Personal information
- Born: November 26, 1984 (age 41) Cuero, Texas, U.S.
- Listed height: 6 ft 4 in (1.93 m)
- Listed weight: 300 lb (136 kg)

Career information
- High school: Cuero
- College: Texas A&M
- NFL draft: 2008 (4th round, 107th overall pick)

Career history
- San Francisco 49ers (2008–2009); Detroit Lions (2010)*; New York Jets (2010)*; Detroit Lions (2010); Houston Texans (2010–2012)*; Tampa Bay Buccaneers (2012); Pittsburgh Steelers (2013–2016);
- * Offseason or practice squad member only

Awards and highlights
- Second-team All-Big 12 (2006);

Career NFL statistics
- Games played: 49
- Games started: 22
- Stats at Pro Football Reference

= Cody Wallace =

American football player (born 1984)

Cody Layne Wallace (born November 26, 1984) is an American former professional football player who was a guard and center in the National Football League (NFL). He was selected by the San Francisco 49ers in the fourth round of the 2008 NFL draft. He played college football for the Texas A&M Aggies.
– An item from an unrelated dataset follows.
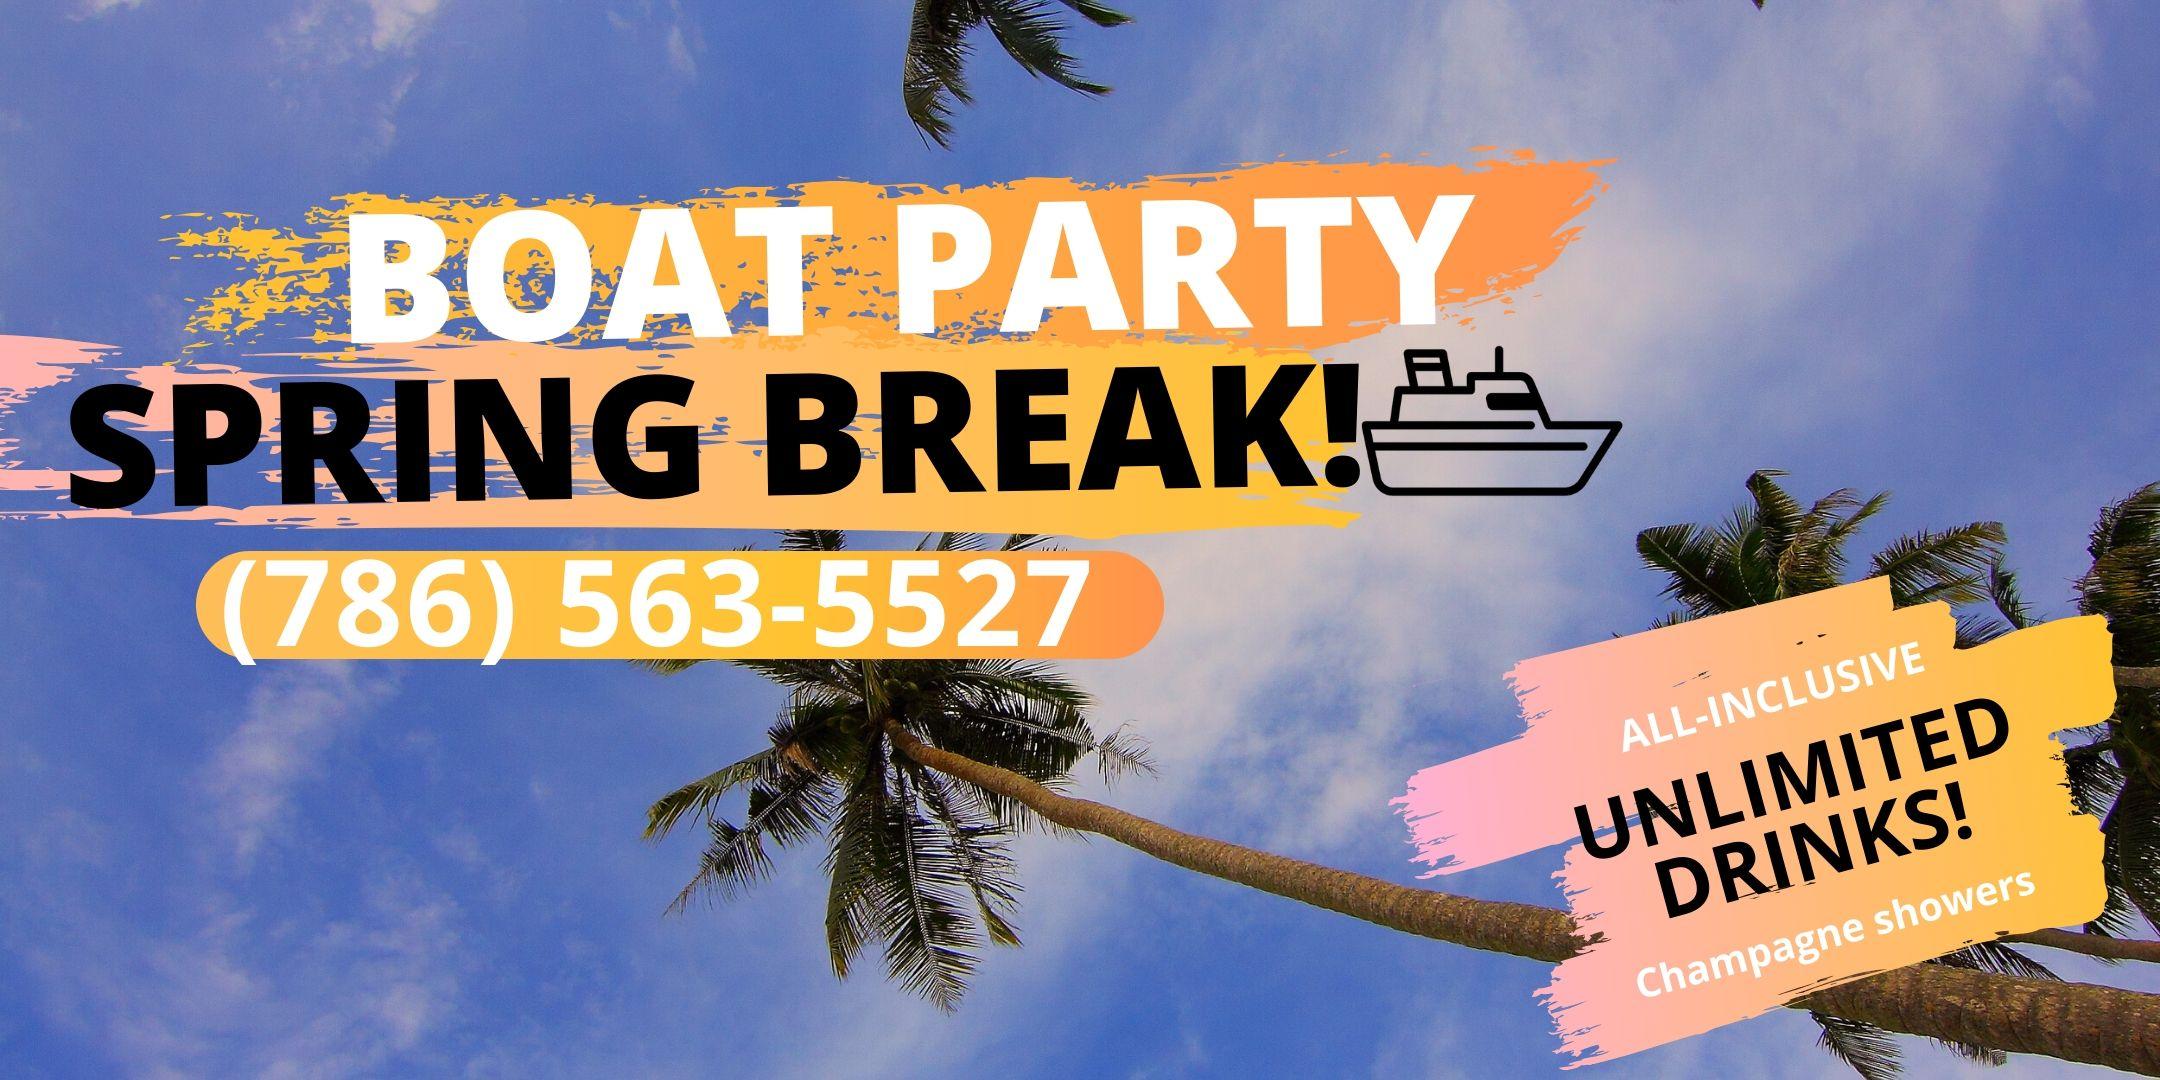 #HOT Spring BREAK BOAT PARTY! #Miami

Wallace was also a member of the New York Jets, Detroit Lions, Houston Texans, Tampa Bay Buccaneers, and Pittsburgh Steelers.

==Early life==
Wallace attended Class 3A Cuero High School, where he earned all-state honors as an offensive lineman. He played center, offensive guard, and offensive tackle at Cuero. As a junior and senior, he made over 100 pancake blocks. On the defensive line as a senior, he posted 45 tackles. He also advanced to the powerlifting state meet.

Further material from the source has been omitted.